• [WHAT THE TASK ASKS]: Copy the complete listing word for word, but do not carry over any images.

• [PROVIDED MATERIAL]:
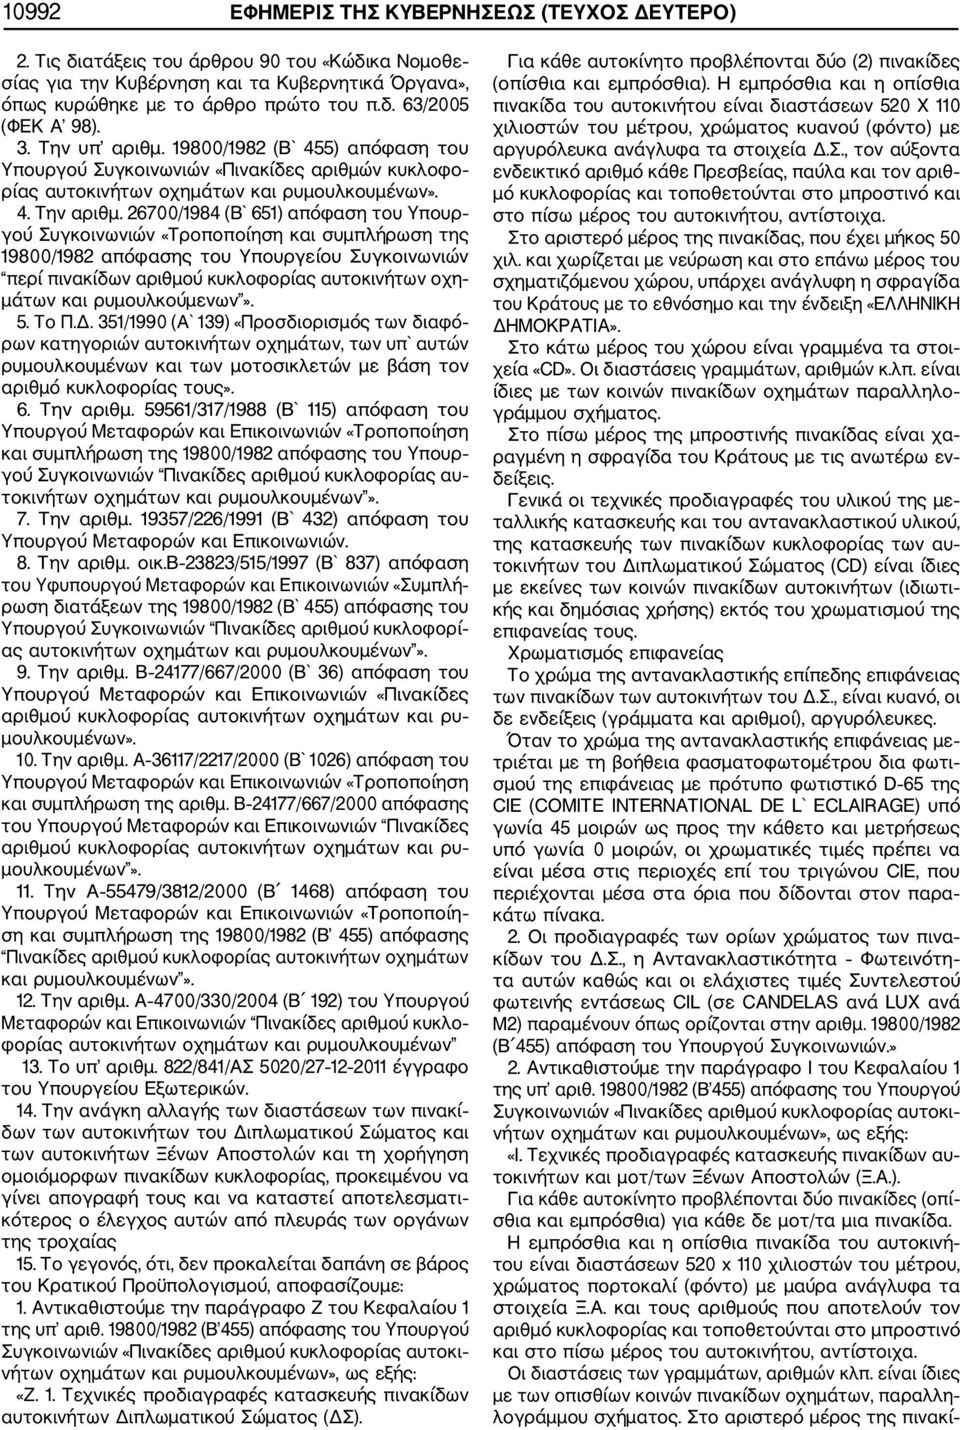 26700/1984 (Β` 651) απόφαση του Υπουρ γού Συγκοινωνιών «Τροποποίηση και συμπλήρωση της 19800/1982 απόφασης του Υπουργείου Συγκοινωνιών περί πινακίδων αριθμού κυκλοφορίας αυτοκινήτων οχη μάτων και
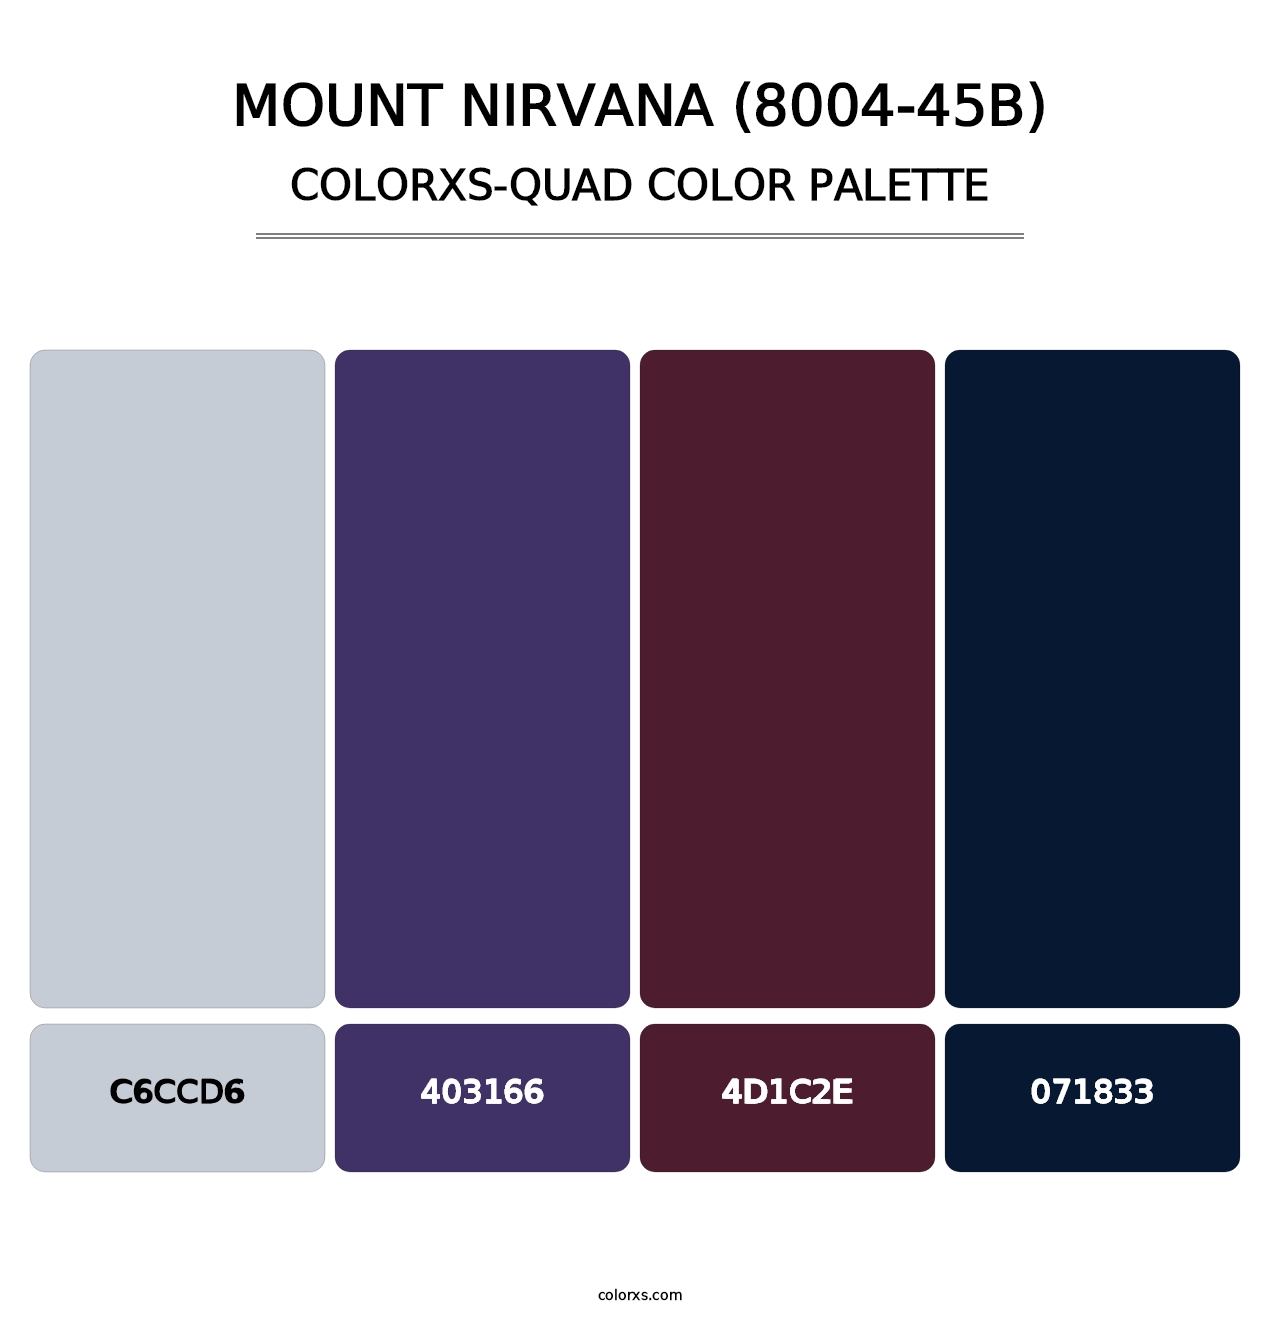 Mount Nirvana (8004-45B) - Colorxs Quad Palette
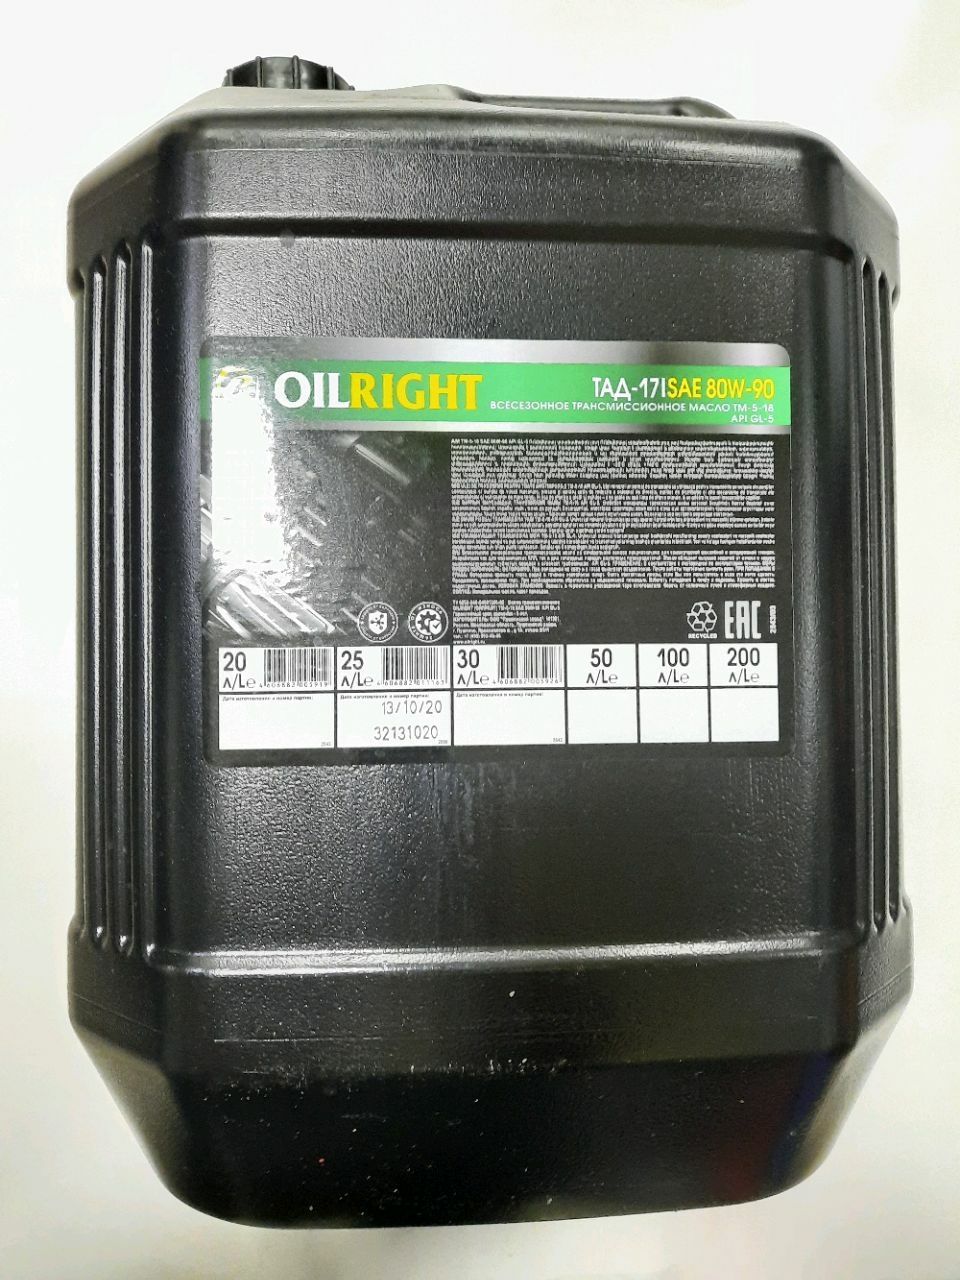 Ulei p/u transm. TAD-17 Oil Right 25L.

• [OUTPUT OF THE EXERCISE]:
 26700/1984 (Β` 651) απόφαση του Υπουρ γού Συγκοινωνιών «Τροποποίηση και συμπλήρωση της 19800/1982 απόφασης του Υπουργείου Συγκοινωνιών περί πινακίδων αριθμού κυκλοφορίας αυτοκινήτων οχη μάτων και
 Mount Nirvana (8004-45B) - Colorxs Quad Palette
 Ulei p/u transm. TAD-17 Oil Right 25L.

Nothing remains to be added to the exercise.